If you go by the Salvation Army, the Union Gospel Mission, Truitt Bros on Front Street, Rainsweet on Sunnyview, or any number of other places around town, you'll find large concentrations of people on bike and parked, locked bikes.

There are large numbers of people who bike because they may not have a choice. The Salem draft bike plan's assumed and intended audience, and the people it is meant to serve, are people who can choose to bike, who have the resources to drive or not to drive. It is mainly about discretionary transportation choices.

A year ago, the Los Angeles bike plan elicited some important criticism:
Probably the largest cycling demographic in Los Angeles is workforce cyclists. They are the working class day laborers, cooks, security guards, janitors, etc. – primarily Spanish-speaking immigrants, who keep Los Angeles moving by pushing the pedals to get to and from work. Dan Koeppel wrote a compelling article detailing this culture, and anyone who lives in LA is familiar with them. Yet, the proposed bike plan ignores their existence, classifying all cyclists according to the three categories given by FHWA – advanced, basic, and children.

For the plan to succeed, it must address the specific needs of workforce cyclists, and that begins with recognition.
Shown here in the 2005 Portland BTA Blueprint for Better Biking, the tripartite scheme of "fearless," "confident," and "interested" is structurally pretty similar to a scheme of advanced, basic, and children. We assume, for example, that families with children are a large portion of the "interested but concerned" segment. But we also assume that people can choose whether to bike.

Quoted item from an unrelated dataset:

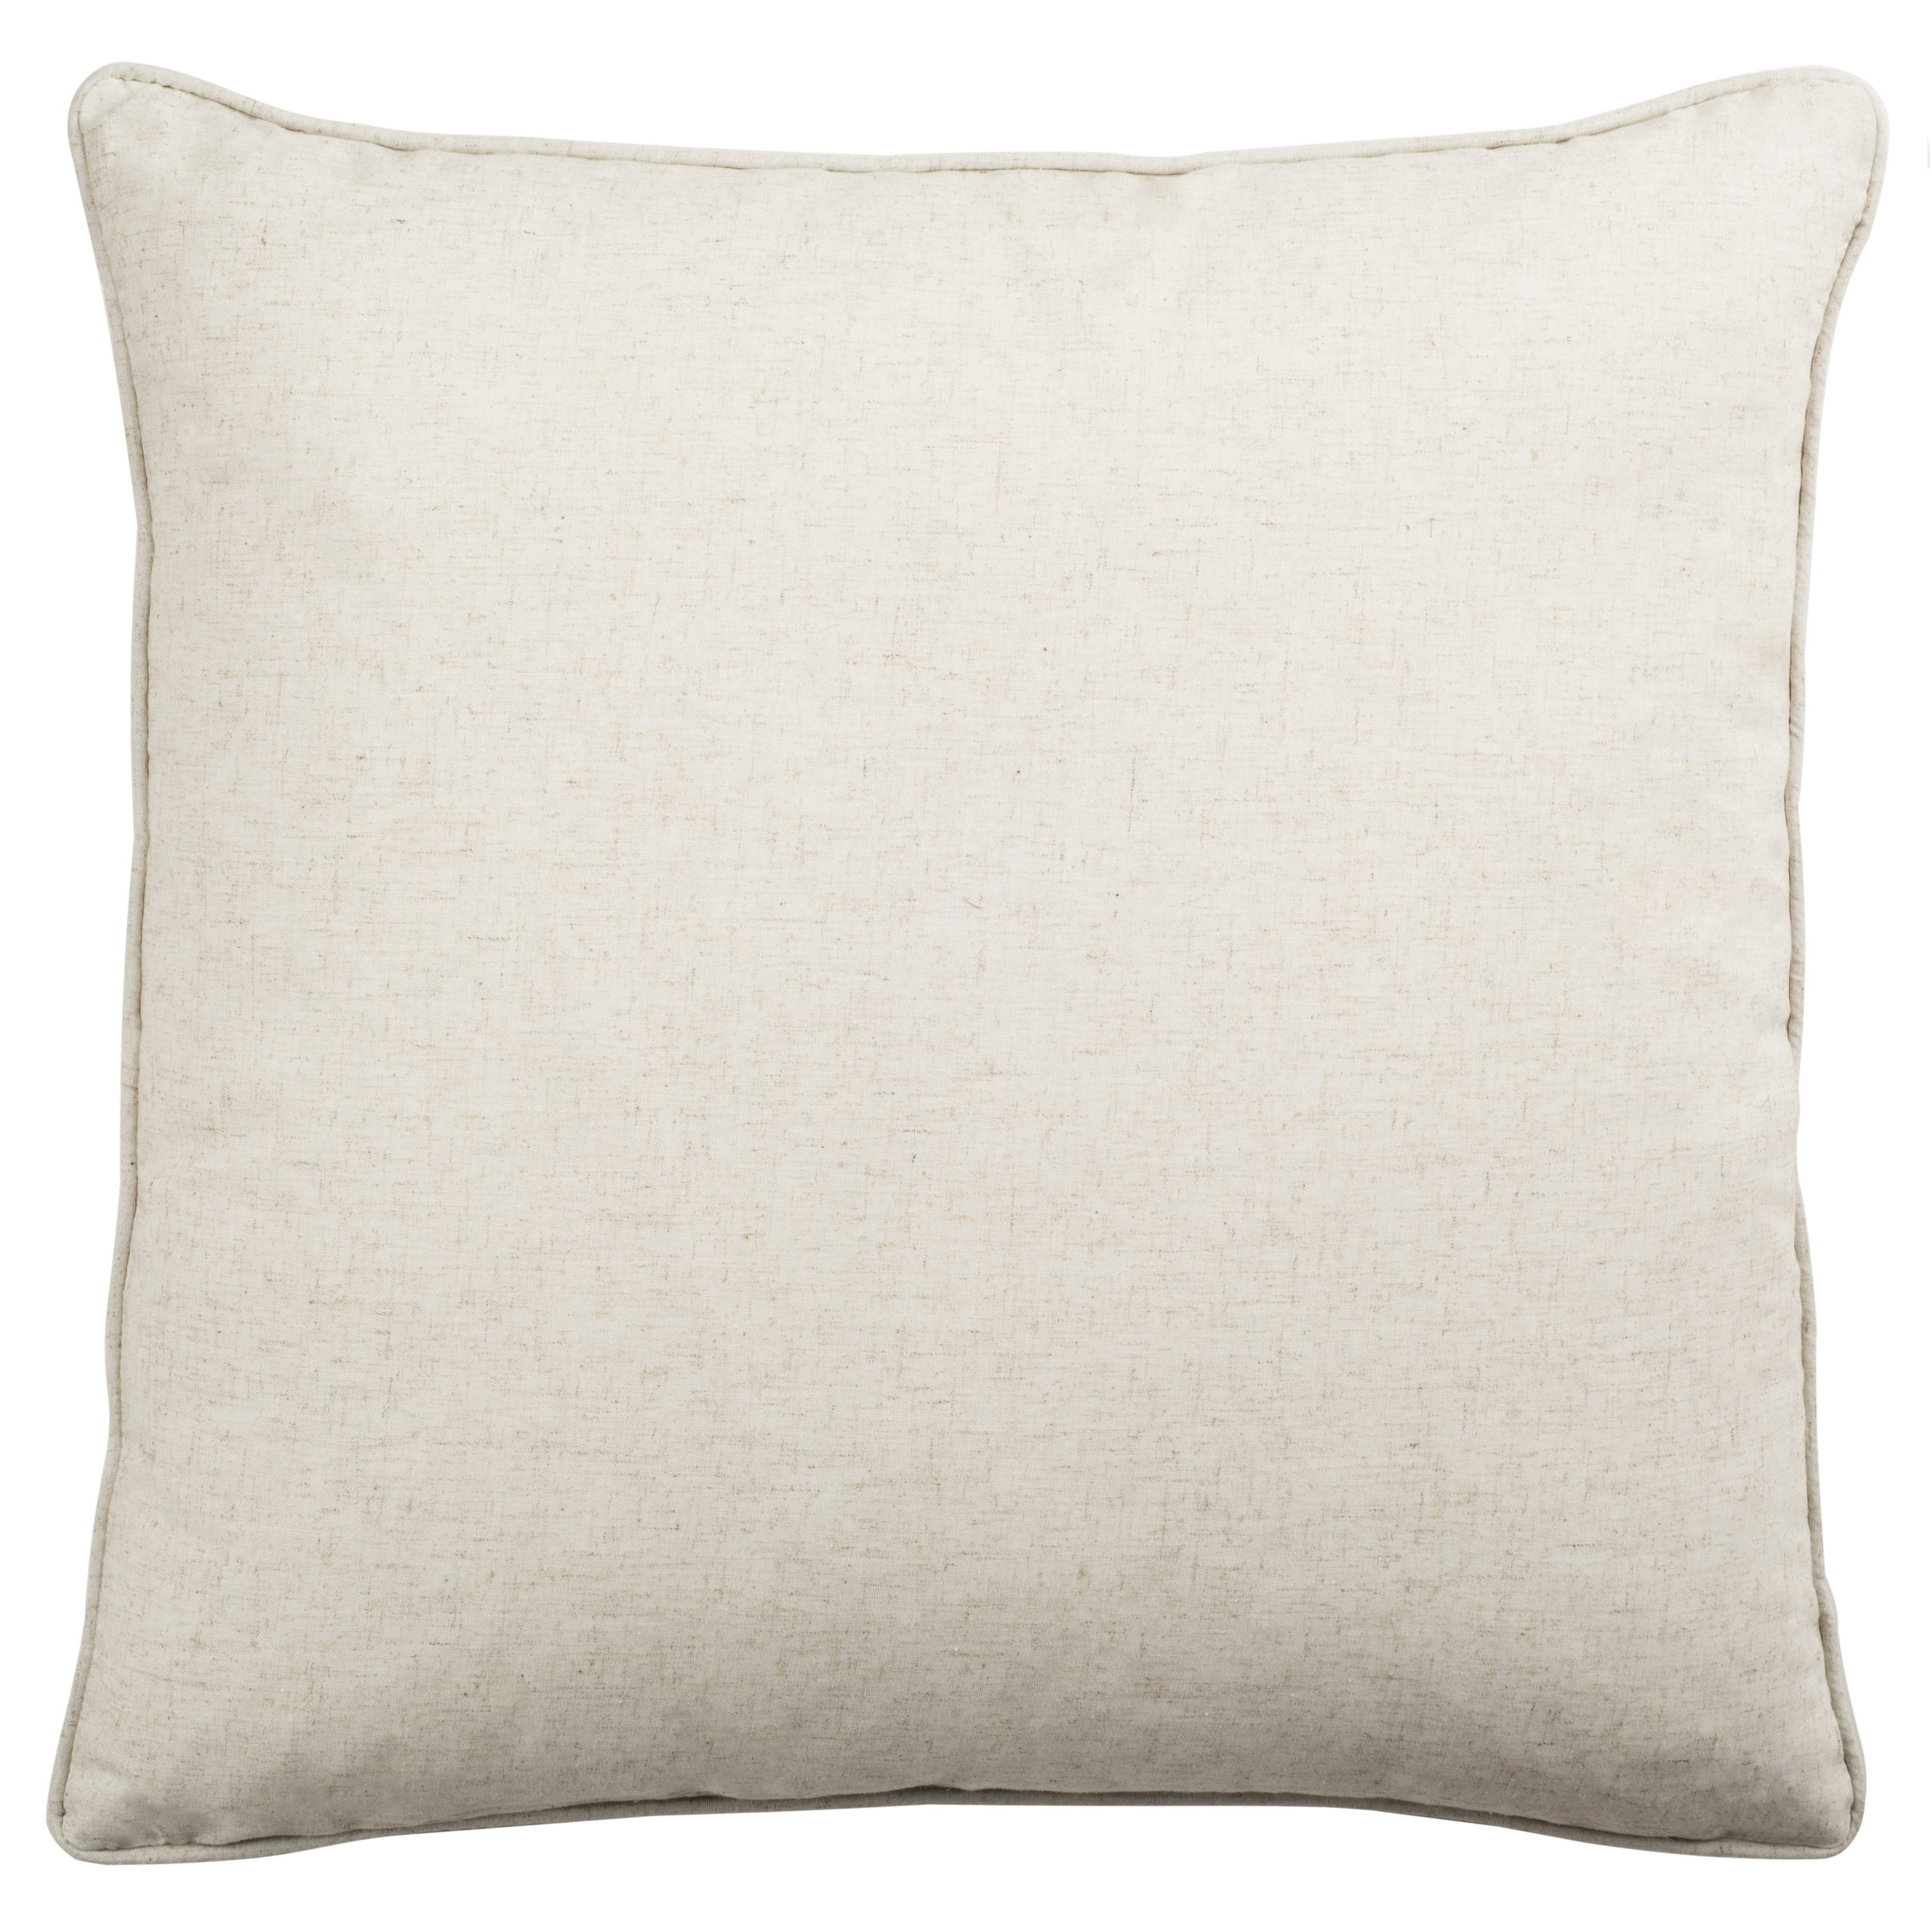 Maize Black Decorative Pillow Set of 2 ID 3305164 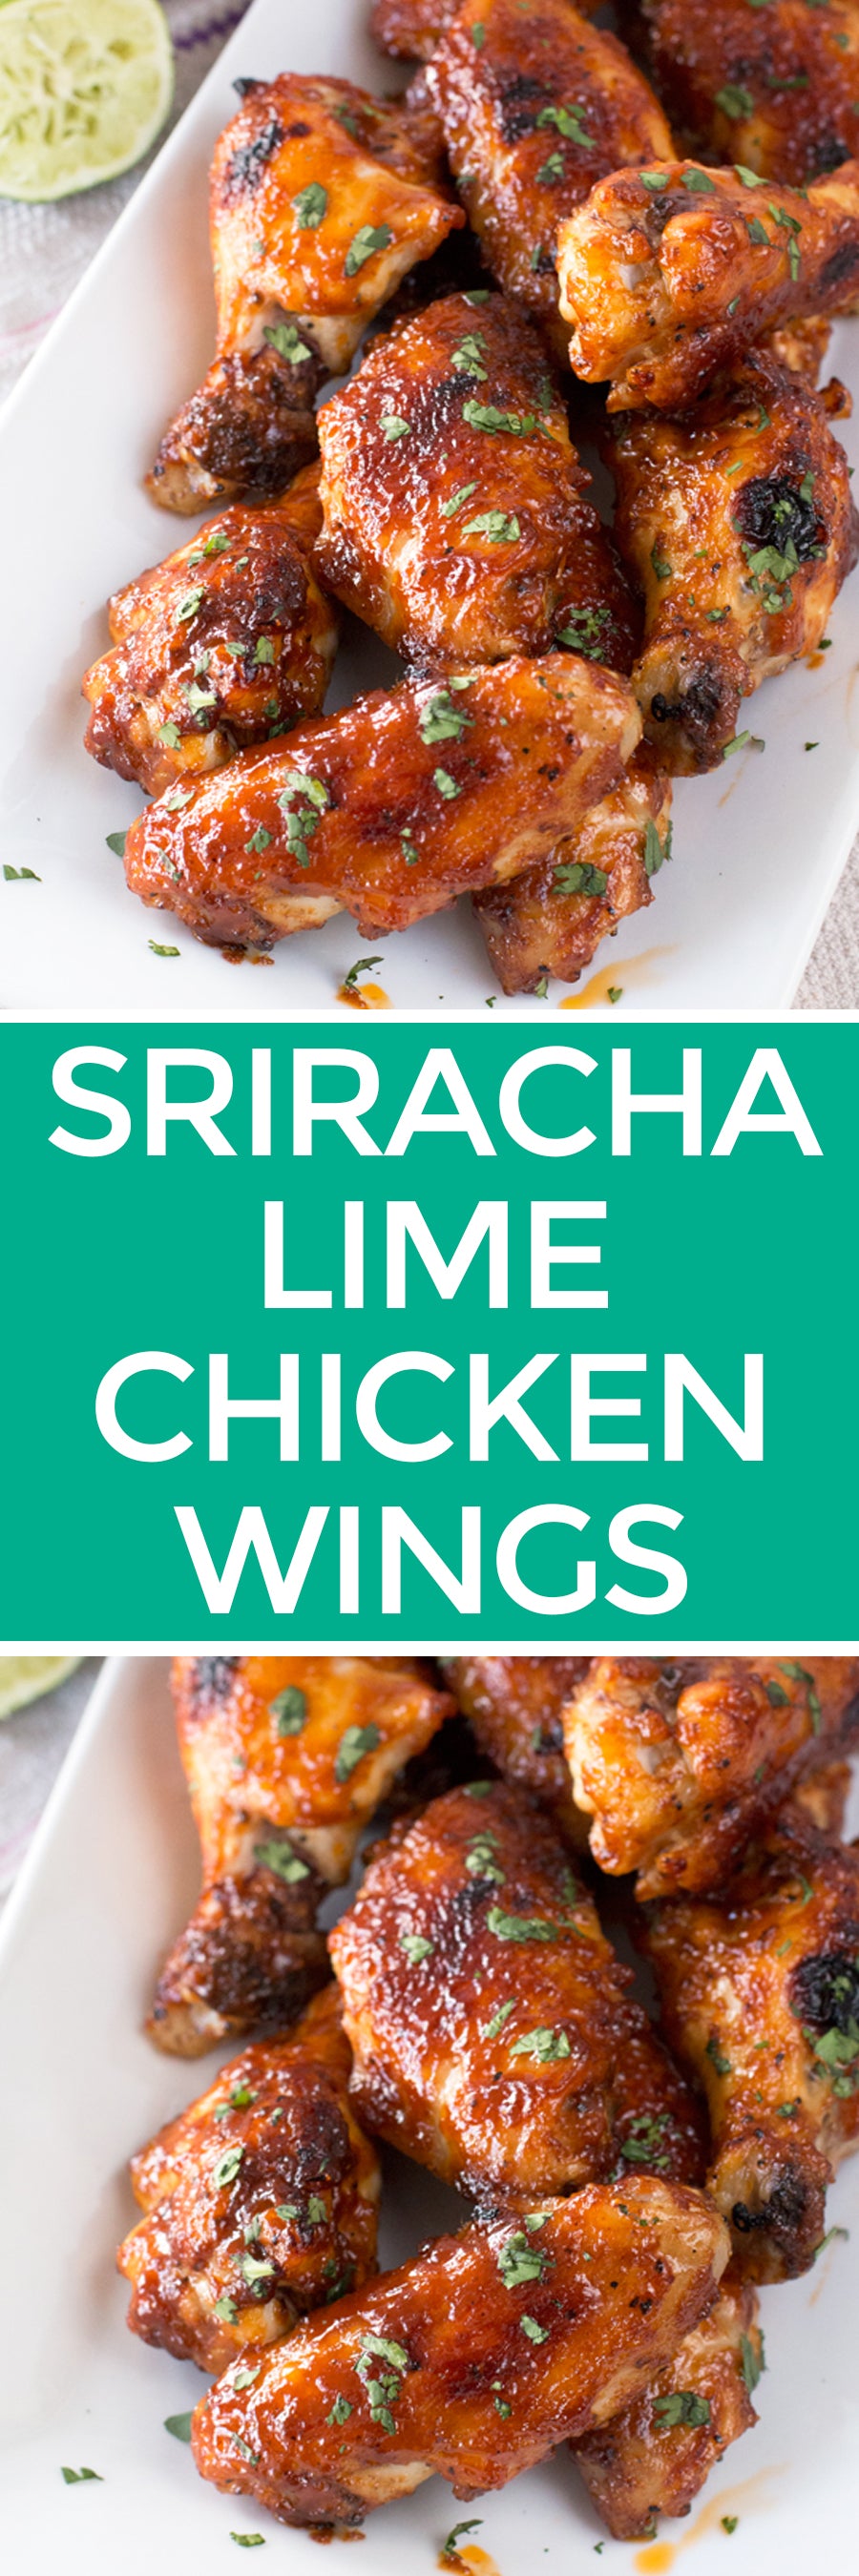 Sriracha Lime Chicken Wings | pigofthemonth.com

Here in Salem the planning process didn't totally ignore workforce cyclists. Early in the process the City went out with a Spanish language survey.


But aside from the City giving Amador Aguilar a Distinguished Project Award this piece is largely submerged. Presumably it informs the project list, but does not inform the plan's discussion of demographics and user types. Workforce cyclists, the poor, and the homeless are largely invisible. They bike too. Sometimes a lot more than many of us.

I remain concerned that the draft plan does not think strategically about where and who needs to be served first and in what order. It also doesn't value bicycling as a core form of mobility. The ad hoc project list is offered a la carte, and it seems likely that a non-optimal randomness will govern the order in which projects are funded and completed. Maybe this is an unavoidable consequence of the politics of transportation just now. But it sure seems like we could try harder to guide things wisely.

1 comment:

Walker said...

True dat.

One simple policy could do more to improve any American city than all the transport studies yet or that ever will be done:

For a month every year, all electeds and senior appointed officials cannot drive or accept car rides from anyone they akready know. And for one of those weeks, the officials must do all travel outside their homes in a wheelchair.